**Task objective**
Each line below from the one containing "hum 130 appendix" through the one containing "2018 Hyundai Elantra" is to be given again exactly, and no line outside that span.
(Data begins)
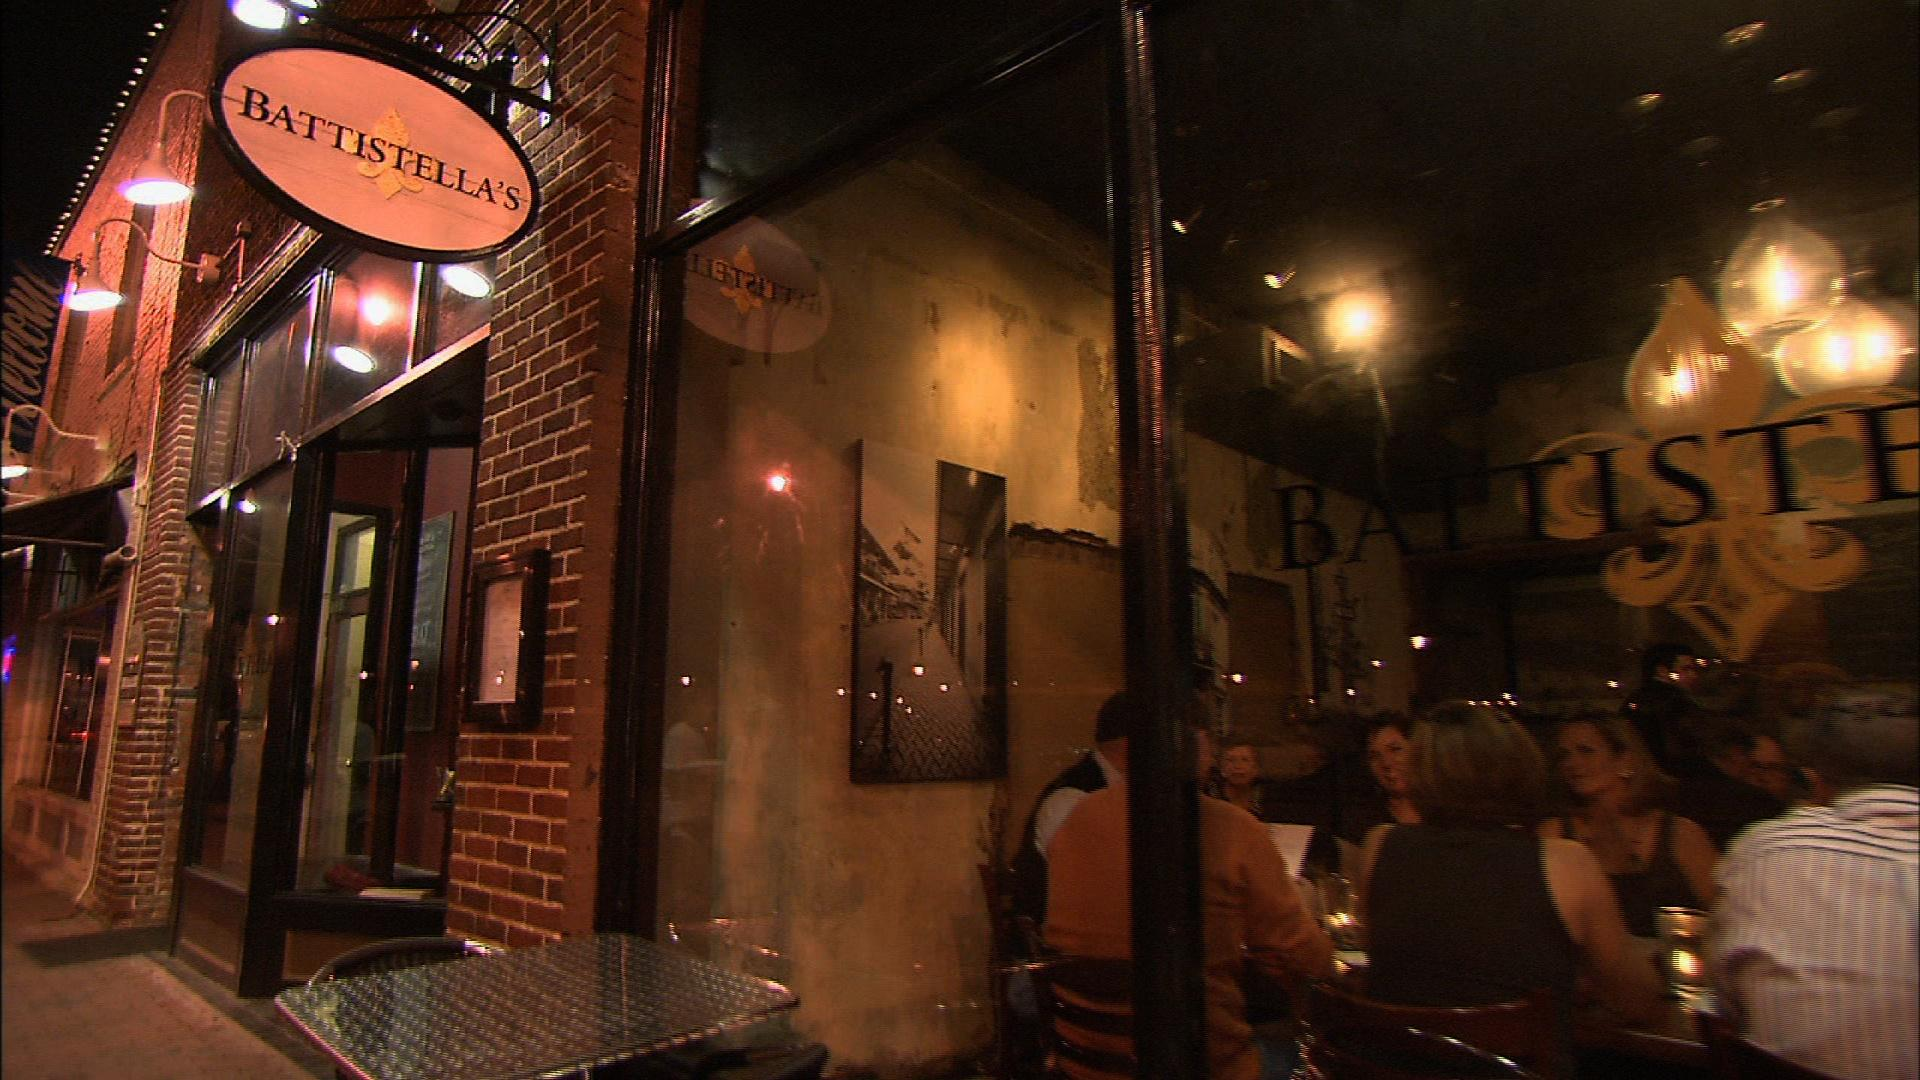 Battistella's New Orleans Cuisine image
(Data ends)
(Data begins)
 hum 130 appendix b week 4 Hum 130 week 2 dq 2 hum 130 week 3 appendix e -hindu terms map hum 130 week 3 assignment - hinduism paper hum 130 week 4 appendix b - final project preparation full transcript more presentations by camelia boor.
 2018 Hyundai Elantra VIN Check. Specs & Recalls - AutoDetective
(Data ends)
(Data begins)
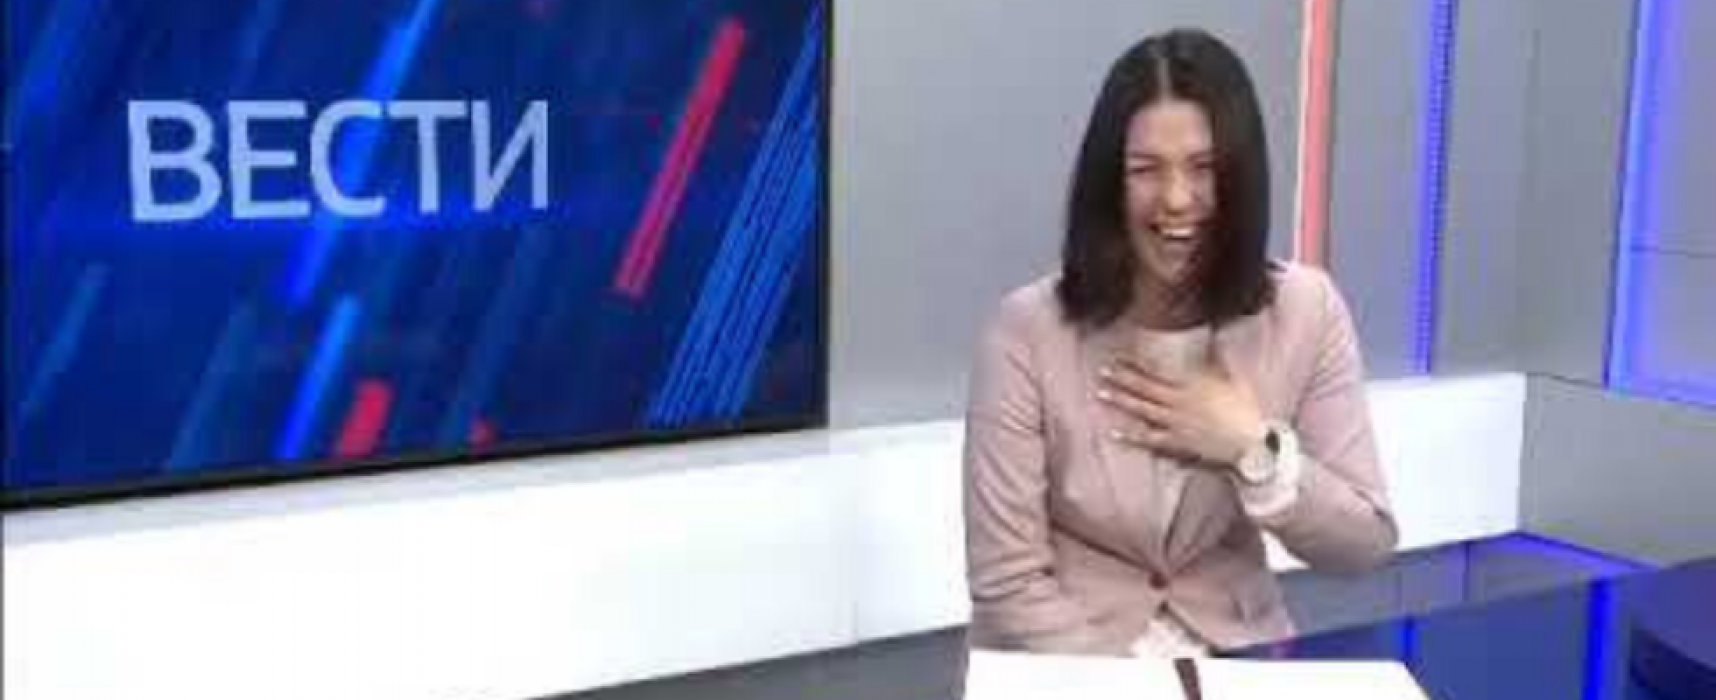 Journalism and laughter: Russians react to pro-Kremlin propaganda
(Data ends)
**Expected answer**
 hum 130 appendix b week 4 Hum 130 week 2 dq 2 hum 130 week 3 appendix e -hindu terms map hum 130 week 3 assignment - hinduism paper hum 130 week 4 appendix b - final project preparation full transcript more presentations by camelia boor.
 2018 Hyundai Elantra VIN Check. Specs & Recalls - AutoDetective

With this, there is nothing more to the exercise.